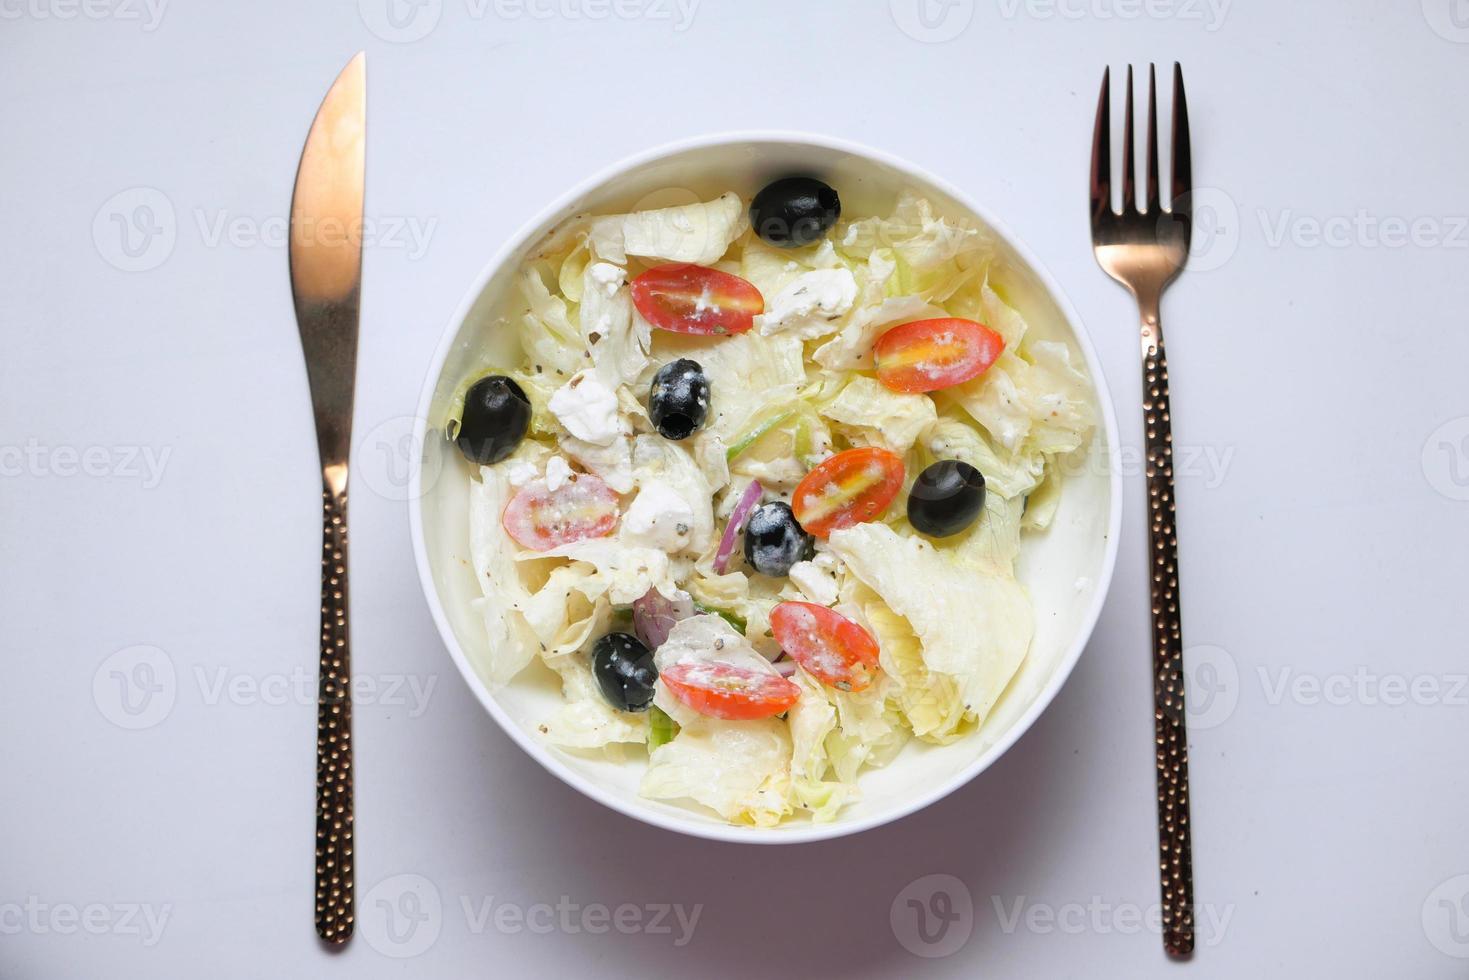 close-up van Griekse salade in een kom foto
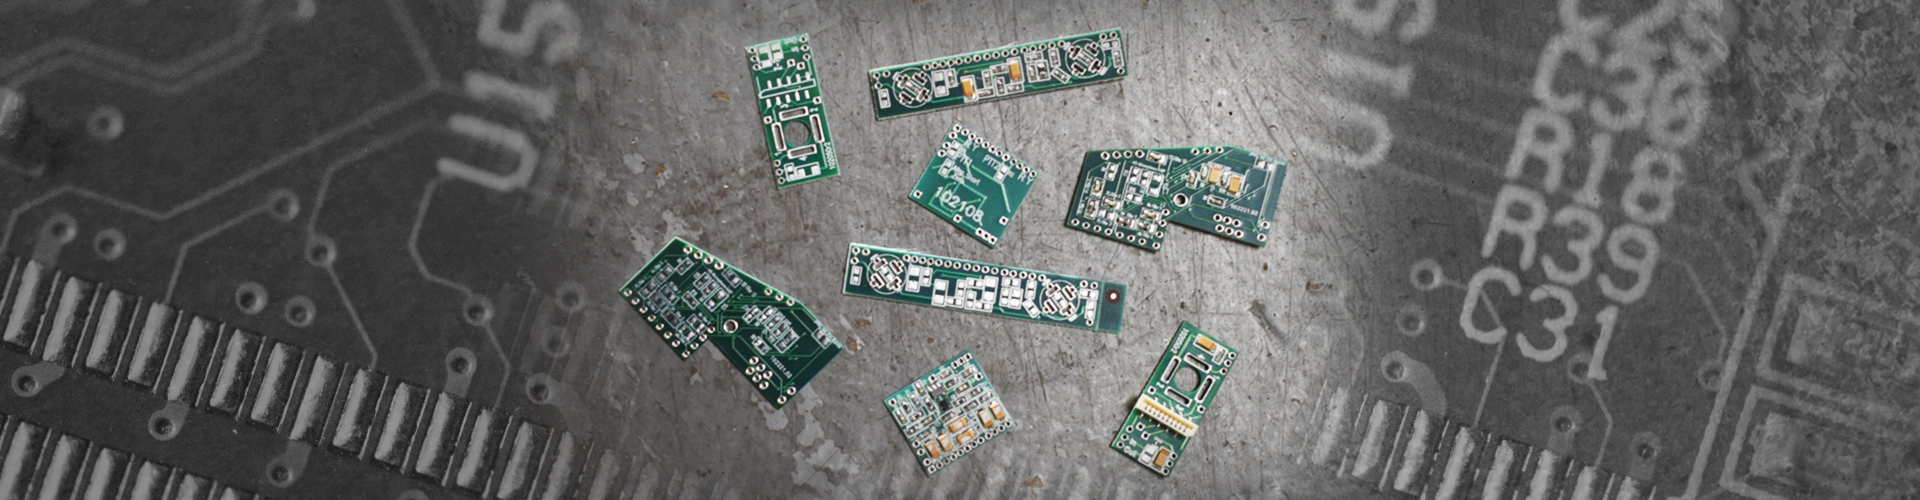 Printed Circuit Board Assemblies (PCBA)
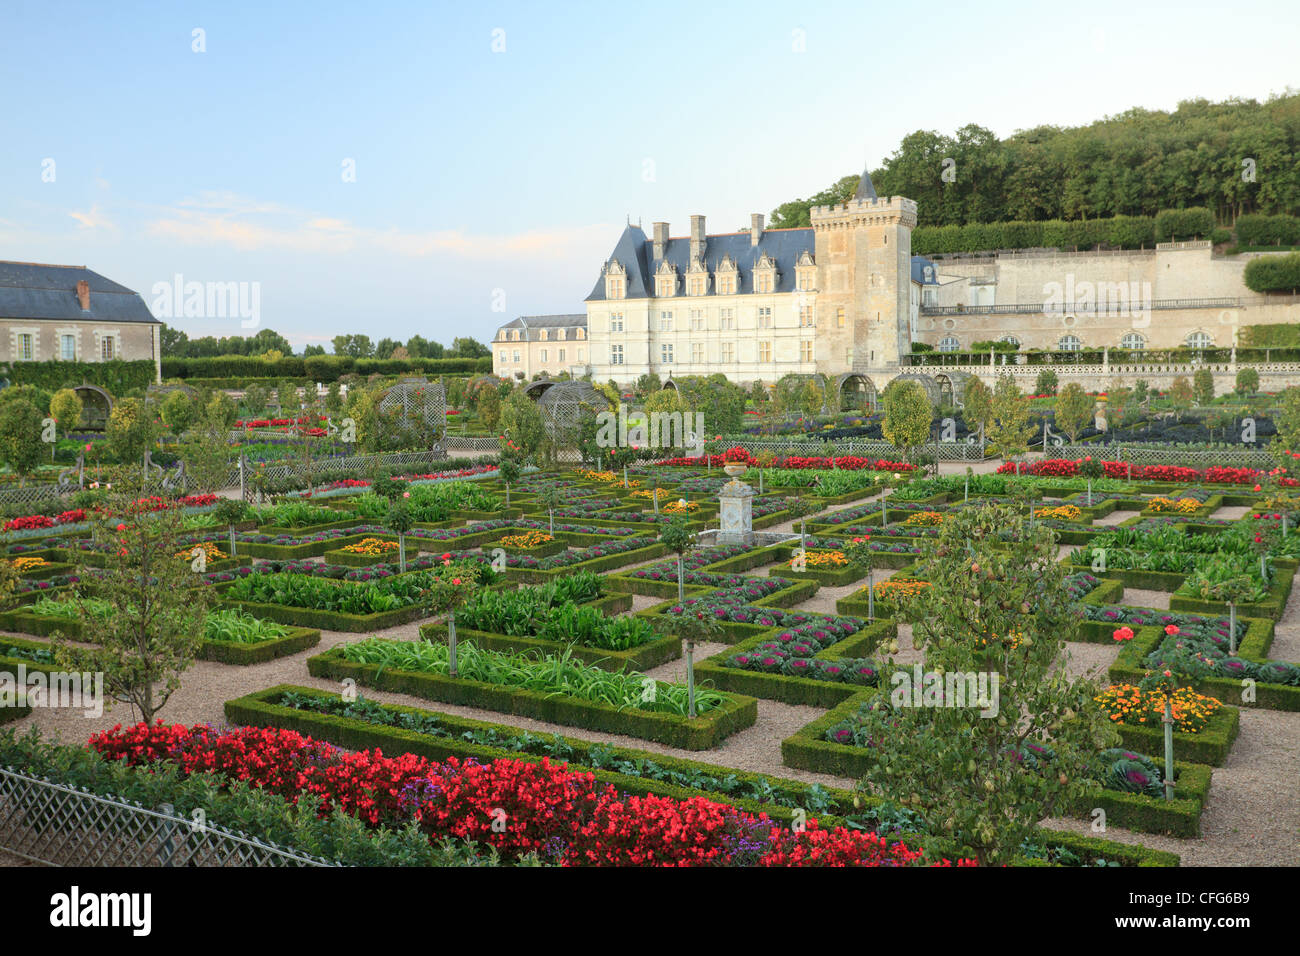 Frankreich, Gärten von Villandry Burg, der Küchengarten behandelt wie ein "Jardin à la Française" und das Schloss. Stockfoto
==*==
Return the whole listing word for word. Pictures stay out of it.

 close-up van Griekse salade in een kom foto
 Printed Circuit Board Assemblies (PCBA)
 Frankreich, Gärten von Villandry Burg, der Küchengarten behandelt wie ein "Jardin à la Française" und das Schloss. Stockfoto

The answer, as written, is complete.